By John Daniel
My approach to business stems from a place of deep insecurity. My single mother raised me to be solvent and self-sufficient. Therefore, I always felt that I had nothing to lose. At age 16, after only being in the United States for a few years, I began my journey as an entrepreneur. I always had an eye for clothing and used to buy them used in bulk. I would go to Melrose Ave., a famous shopping and tourist destination in Los Angeles, and sell to people walking by. I went anywhere I felt I could make a profit.
Know Who to Trust With Your Ambitions
After a few years, I saved up enough money to start my own label: a high-end men’s clothing line. I hired a full-time pattern maker and seamstresses to turn my dream into a reality. When looking for the right candidates, I made sure to ask for referrals and make connections through friends and family. I usually looked beyond resumes: Identifying passion and reliability is key during the interview process.
I took my samples, crammed them in a suitcase and walked from store to store marketing my clothing line to whoever would listen. I got kicked out of almost all of them. My last hope was MAGIC, the biggest fashion trade show in the U.S. I couldn’t afford a booth so I created a catchy slogan, made a big sign and paraded it throughout the conference. I handed as many of my catalogs to everyone I could before getting kicked out.

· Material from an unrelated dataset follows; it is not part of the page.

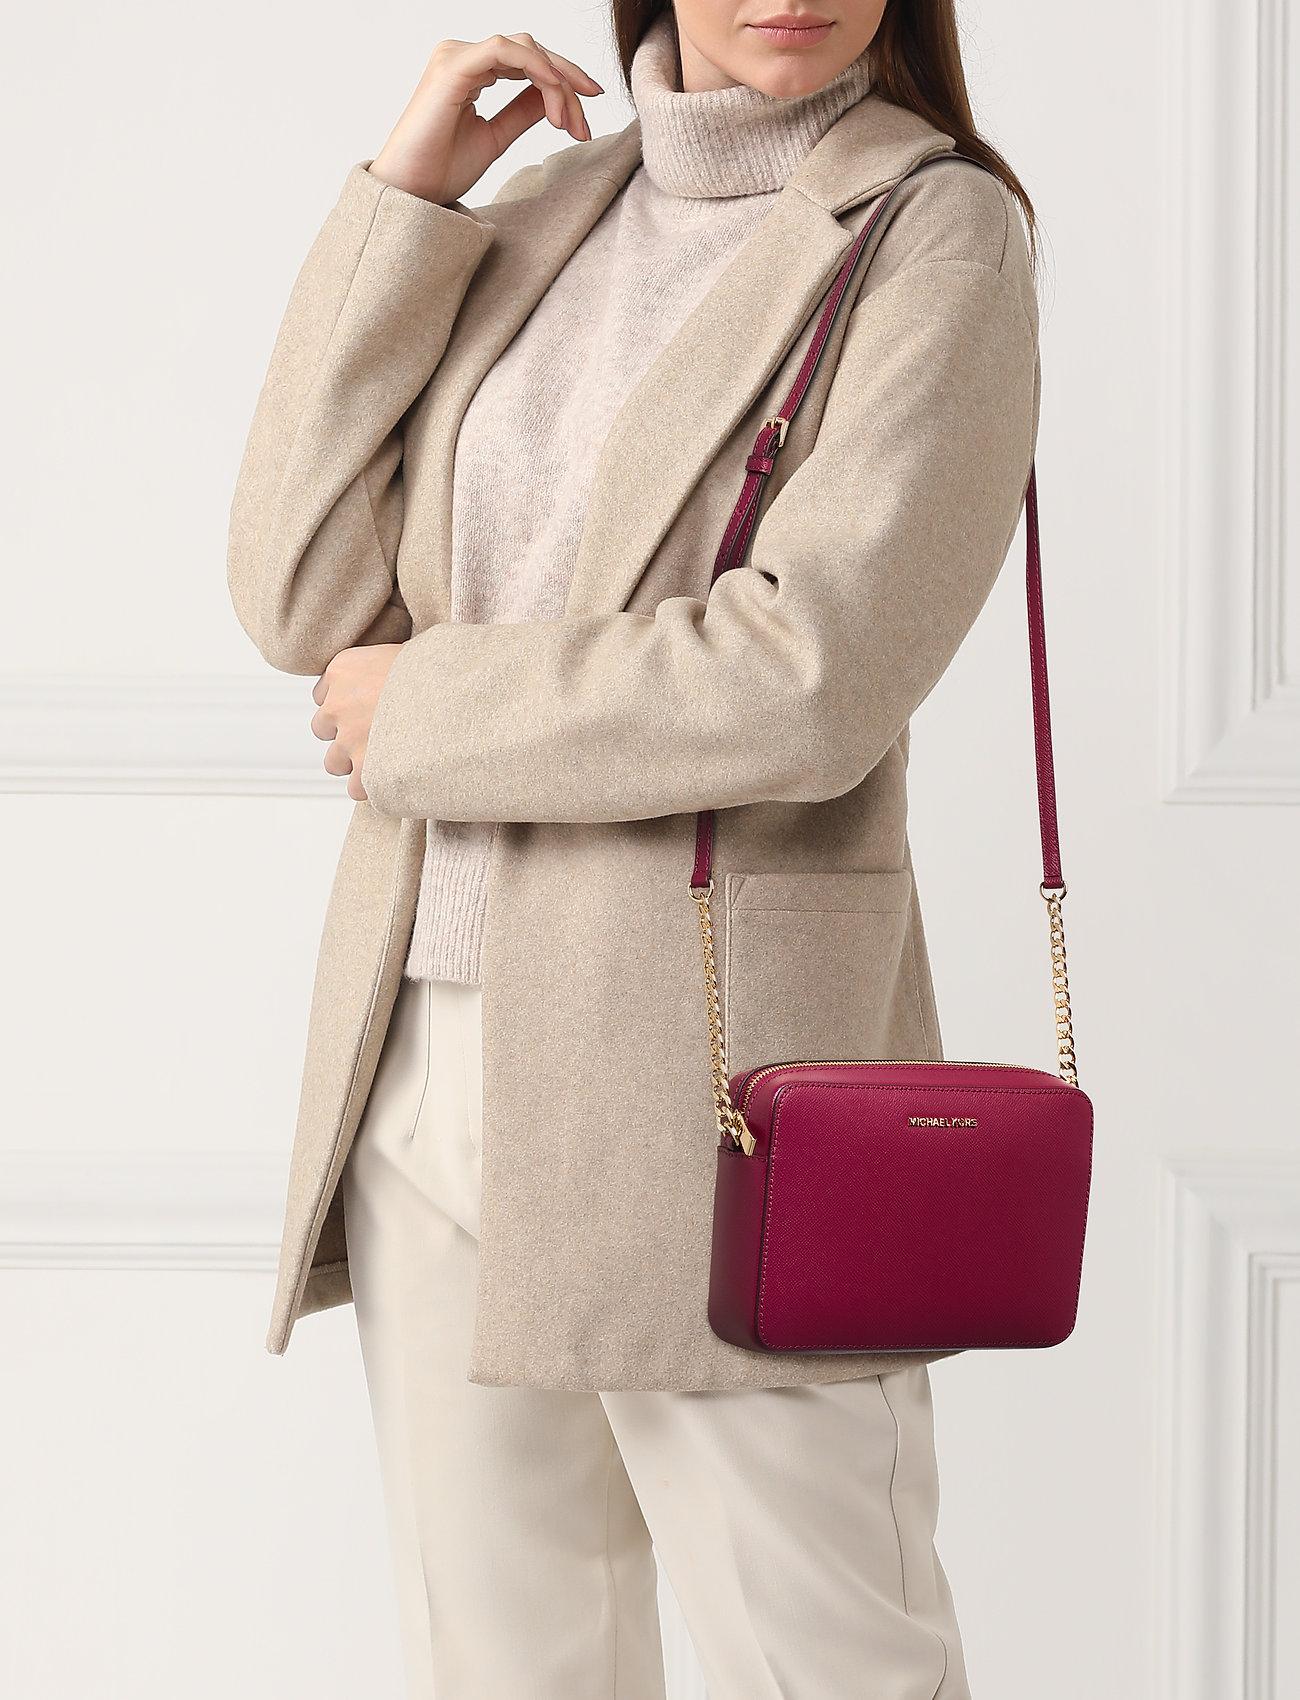 Michael Kors Bags LG EW CROSSBODY - BERRY

I arrived back at LA feeling like a failure. I hadn’t secured any requests for my clothing after approaching every buyer. But within a few days, the phone started to ring. I got sample requests from Bloomingdales, Nordstrom and Macy’s. At age 20, I couldn’t keep up with the orders that were coming in. I sold out everything I had at first to Bloomingdales, then to Nordstrom and then to Macy’s. I was shipping nationally and internationally. After three years, I was doing $500,000 in sales and making 30,000 pieces per year at a high markup.
Take Calculated Risks
At 21, my youth showed. I couldn’t hold onto as much money as I needed to accommodate the changing buyers in the industry. The cost of manufacturing increased and I expanded too quickly. Orders were canceled, sales declined and I saw the writing on the wall. I sold my company. Take risks with creative thinking and not working capital. I became more measured and calculating with my risks as time went on, especially with changing market trends and personnel.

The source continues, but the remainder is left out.